The education and employment status of patients with inflammatory bowel diseases.

Inflammatory bowel disease (IBD) has the propensity to affect patients who are in their late teens and early 20s, an age when most people decide on their educational and career directions. This review describes the effects that IBD has on the continuum of education and employment. Patients with Crohn's disease and ulcerative colitis attain a similar level of education as that of the general population. The quality of life of such patients in school, as measured by both patients' and teachers' perceptions, indicates that, despite the difficulties that students face in terms of missed school time and physical inconveniences, teachers are generally perceived by students to have favorable attitudes toward helping them.

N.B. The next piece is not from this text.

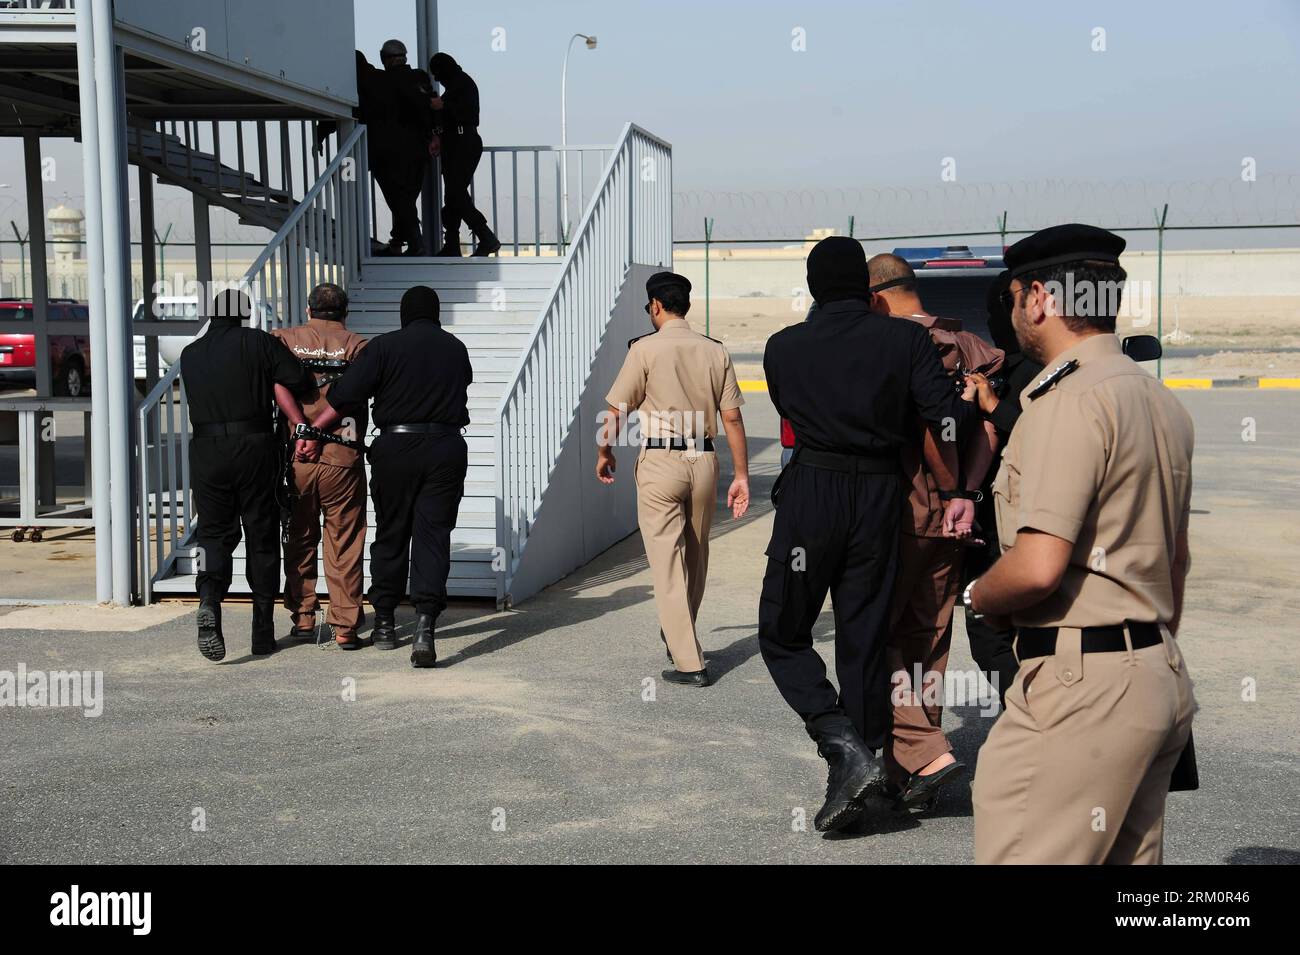 Bildnummer: 59465101  Datum: 01.04.2013  Copyright: imago/Xinhua (130401) -- KUWAIT CITY, APRIL 1, 2013 (Xinhua) -- Three men are walked up on to the scaffolding before being executed by hanging in west of Kuwait City, capital of Kuwait, on April 1, 2013. Three convicted murderers, a Pakistani, a Saudi and a stateless Arab, were hanged on Monday. It s the first executions in Kuwait since May 2007, according to the ministry of justice. (Xinhua/Noufal Ibrahim) (jl) KUWAIT-MURDERER-EXECUTION PUBLICATIONxNOTxINxCHN Gesellschaft Kriminalität Mörder erhängt Exekution Hinrichtung erhängen Tötung x0x Stock Photo

Even though earlier work in the area of employment has suggested that the occurrence of IBD is clustered among people in white-collar positions, recent data have suggested that certain environmental risks for IBD (i.e., sedentary or indoor jobs) may be associated with jobs classified as being white-collar, and therefore having a white-collar job may in itself not be a risk factor for the development of IBD. Patients with IBD have a higher rate of nonparticipation in the labor force, and the participation rate seems to maintain steady levels over time. A majority of patients with IBD continue in the same employment positions over a period of years. Patients with IBD, especially those who have undergone surgery, took more sick leave than their counterparts without IBD. A majority of patients with IBD favored the disclosure of their diagnosis to their employers and perceived little discrimination in the workplace. Furthermore, most employers were perceived by their employees with IBD as having fair attitudes toward the compensation provided for their employees with IBD.